Helmond (; called Héllemond in the local dialect) is a city and municipality in the Metropoolregio Eindhoven of the province of North Brabant in the Southern Netherlands.

Helmond is home to several textile and metal companies. The Vlisco factory is located next to the Zuid-Willemsvaart canal, which runs through the city.

The spoken language is Helmonds (an East Brabantian dialect).

History

Etymology and Coat of Arms 
Helmond's coat of arms, first appearing in 1241, displays a helmet, and is a canting arms for the city's name, as helm means helmet in Dutch. However, the actual etymology of Helmond's name is probably derived from the combination of Hel, which means "low-lying" (from Proto-Germanic *haljæ / Hel), and Mond, which referred to higher ground or a secure place.

The helmet on the coat of arms originally was depicted as a medieval great helm, however, the design eventually came to depict a jousting helmet. The oak sprigs symbolize freedom, while the bird perched on them is thought to be purely decorative.

Medieval and Early Modern Periods 
During the Merovingian period, the site of what is now Helmond was an only partially habitable convergence of streams. As the streams began to silt over, settlement was made possible, and by the year 1000, a settlement arose west of what is the current city center. Additionally, a precursor to the current Helmond Castle, named 't Oude Huys ("the old house"), was built around this time. Documents from 1108 mention Lord Hazelo von Helmond, the first feudal lord of the allodium of Helmond.

In 1179, a bull of Pope Alexander III mentions Helmond being donated to the Abbey of Floreffe. At this point, the local feudal administration was probably moved to t' Oude Huys. In 1220, Helmond came under the control of Henry I of Brabant. In 1225, the town was founded by Henry, it received its Town Privileges in 1232. Following his death in 1235, it was passed down to his daughter, Maria of Brabant, Holy Roman Empress, who spent much time at t' Oude Huys and whose founding of Binderen Abbey benefited the growth of the city. Upon her death in 1260, the town passed back to the Dukes of Brabant, who, in 1315, leased it to the van Berlaer family. In 1325, Jan II Berthout van Berlaer started the construction of a stone keep on the site of the current Helmond Castle, supplanting t' Oude Huys. By 1400, the city ramparts were built.
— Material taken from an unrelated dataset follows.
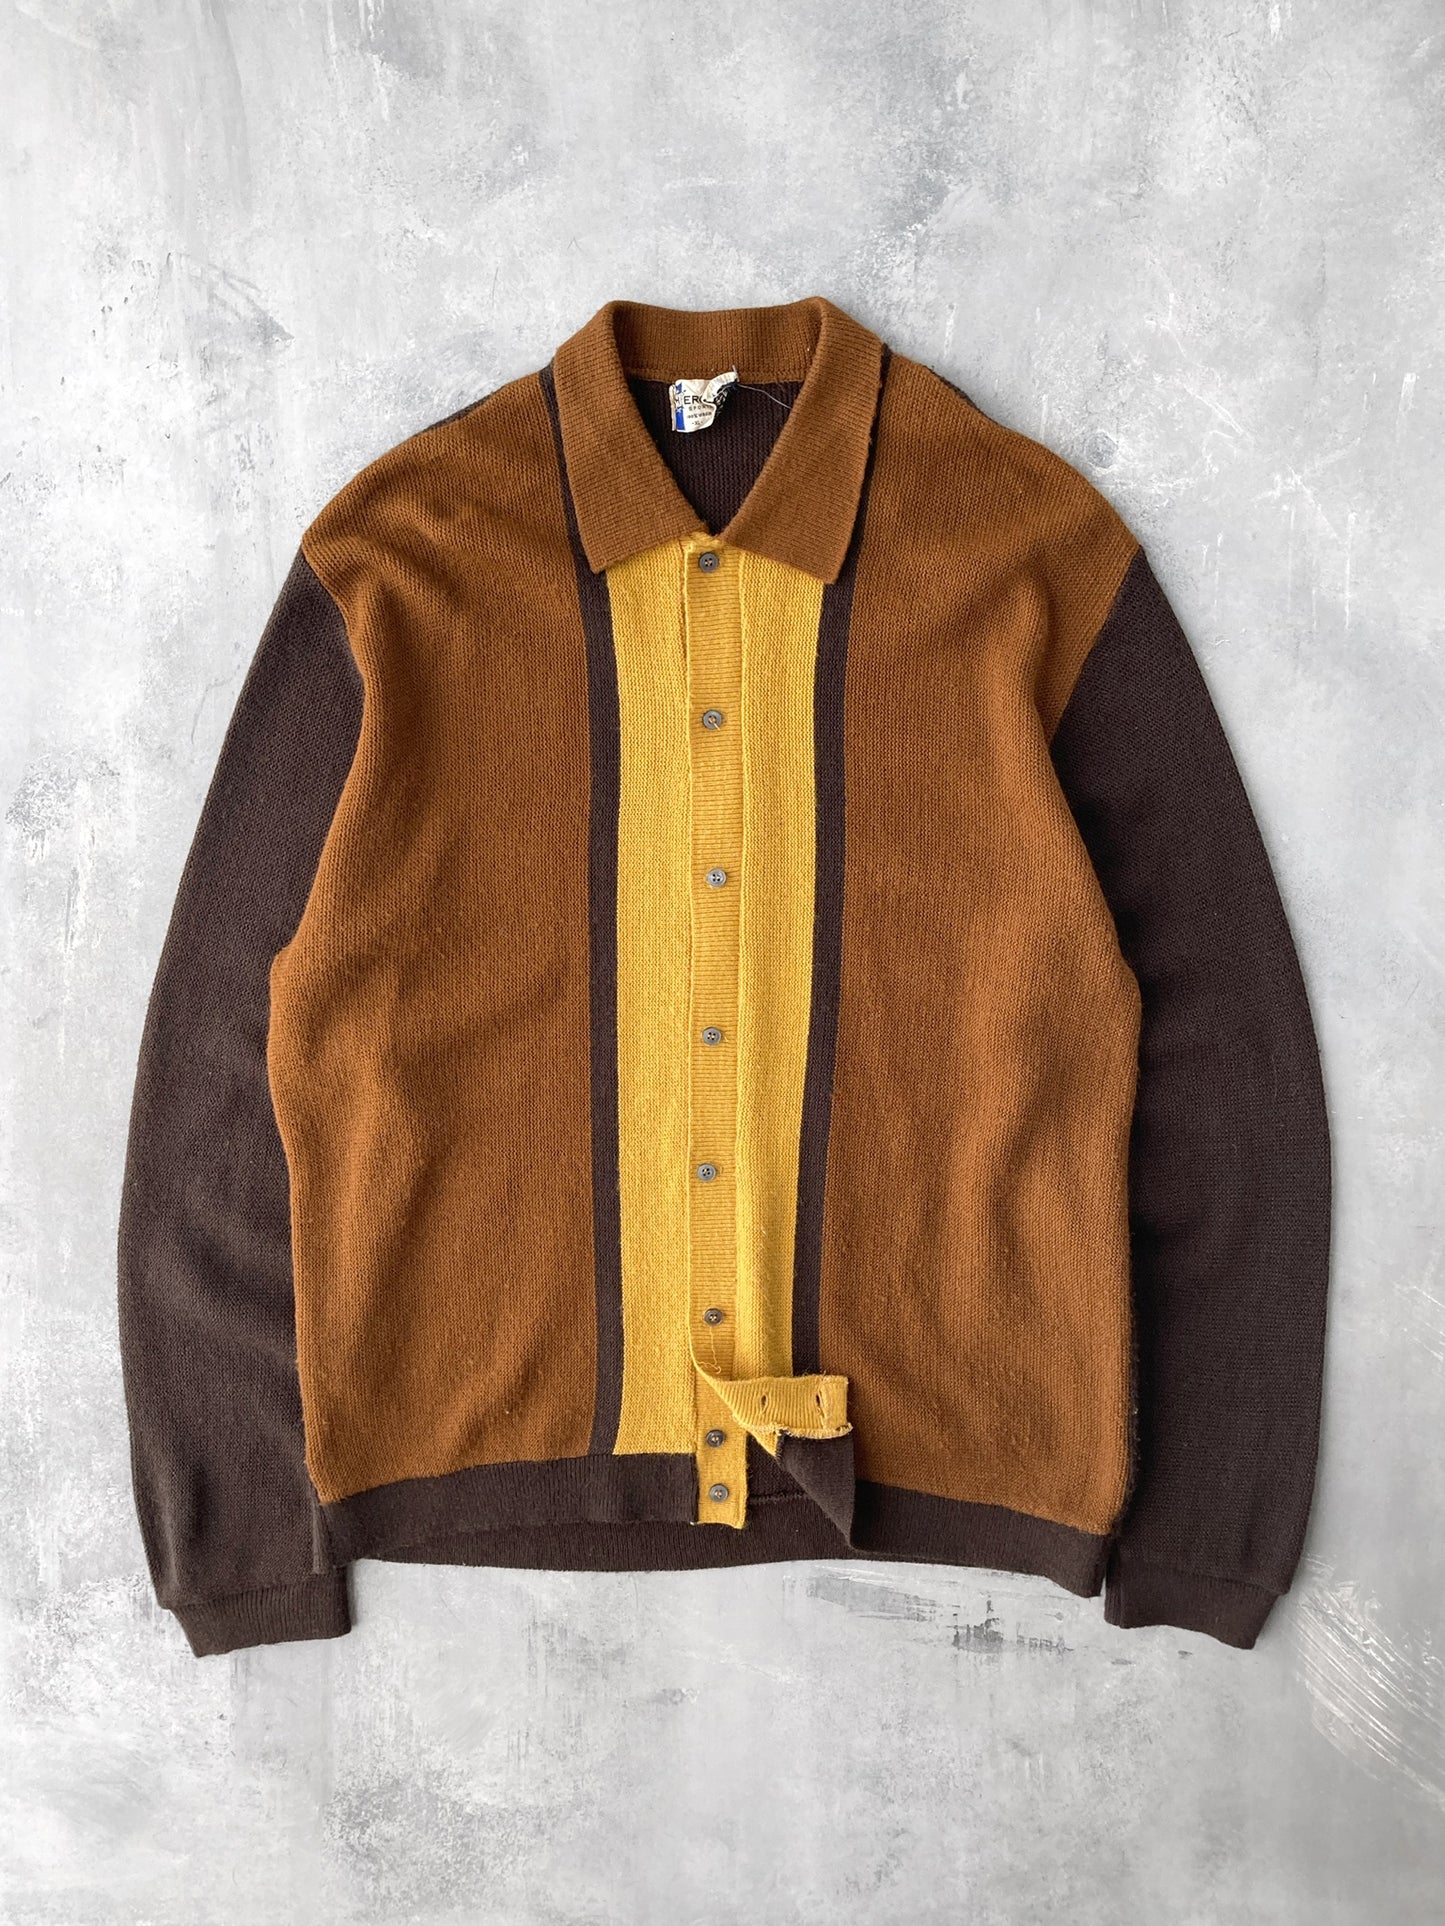 Collared Cardigan Sweater 60's - Large / XL

Having gained market rights in 1376, Helmond's textile industry began to develop, and in 1389, seven guilds were authorized to operate in the town. Merchants from Helmond sold wool and textiles throughout Brabant. Despite the commercial growth, the town's population remained small. Helmond's prosperity soon ended due to war and instability in the Duchy of Guelders, and following Charles V's ascension to the Duchy of Brabant, Helmond was put under siege and sacked by the army of Maarten van Rossum in 1543.

Under the Dutch Republic and the Revolutionary era 
Helmond was also embroiled in the Eighty Years War. Since it remained loyal to Philip II of Spain, the army of the Dutch Republic twice captured and lost the city, with only the castle remaining uncaptured. The effects of the war and a plague outbreak in 1636 decimated the textile industry in Helmond, and many weavers fled to Haarlem. Only with the peace of 1648 could the city start to recover. The weavers of Helmond gained a fruitful partnership with merchants in Haarlem, and the city could rebuild from the war. Catholics were pushed underground. Although the city recovered its prosperity, it was once again plunged into instability during the Patriottentijd of the late 18th century. Following several skirmishes and political maneuvers in the city, the Patriots were crushed through the intervention of Prussia in 1787, but only five years later in 1793, the French Republic invaded. The liberal French administration allowed the Patriots to re-assert themselves in the city, and in 1795, universal male suffrage came to Helmond. By 1798, the vestiges of the Dutch Republic were abolished, and Catholics were once again allowed to take part in city governance.

19th and 20th centuries 
By the late 18th and early 19th century, local entrepreneurs also started to grow the textile business unassisted by the Haarlem merchants, facilitating industrial production. It became a city with a seat in the Estates of Brabant in 1814. The 1826 opening of the Zuid-Willemsvaart canal, which runs through the city, brought more prosperity to the city. In addition to the weaving mills and the associated yarn dyeing and bleaching plants, other branches of the textile industry also developed, such as cotton printing. 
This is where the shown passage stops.